## EXERCISE PROMPT
Two lines in the listing below mark the span: one contains "TOYOTA CAMRY 2019" and one contains "Trance Chelsea Boot". Reproduce both of them and everything between, exactly.

## RECORDED DATA
= Beginning of Section =

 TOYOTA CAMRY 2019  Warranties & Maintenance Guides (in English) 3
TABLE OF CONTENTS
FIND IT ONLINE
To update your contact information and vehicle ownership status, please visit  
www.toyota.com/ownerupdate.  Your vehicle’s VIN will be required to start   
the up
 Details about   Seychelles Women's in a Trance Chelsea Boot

= End of Section =
= Beginning of Section =

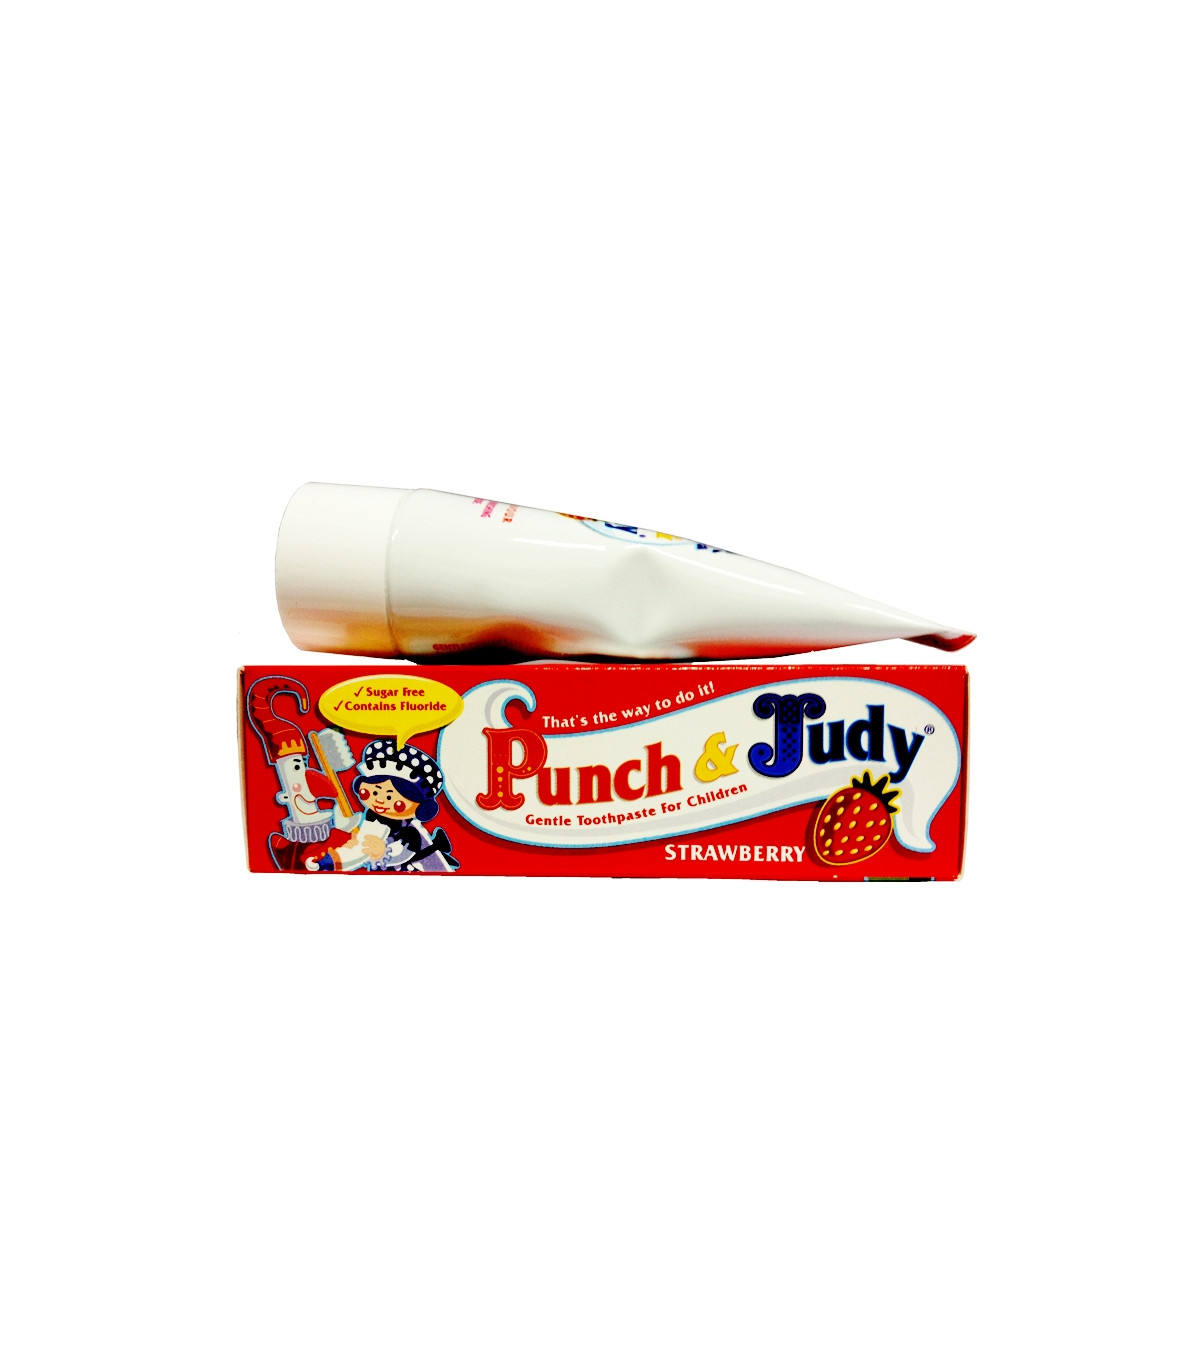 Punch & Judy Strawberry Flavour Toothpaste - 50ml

= End of Section =

## PROBLEM SOLUTION
 TOYOTA CAMRY 2019  Warranties & Maintenance Guides (in English) 3
TABLE OF CONTENTS
FIND IT ONLINE
To update your contact information and vehicle ownership status, please visit  
www.toyota.com/ownerupdate.  Your vehicle’s VIN will be required to start   
the up
 Details about   Seychelles Women's in a Trance Chelsea Boot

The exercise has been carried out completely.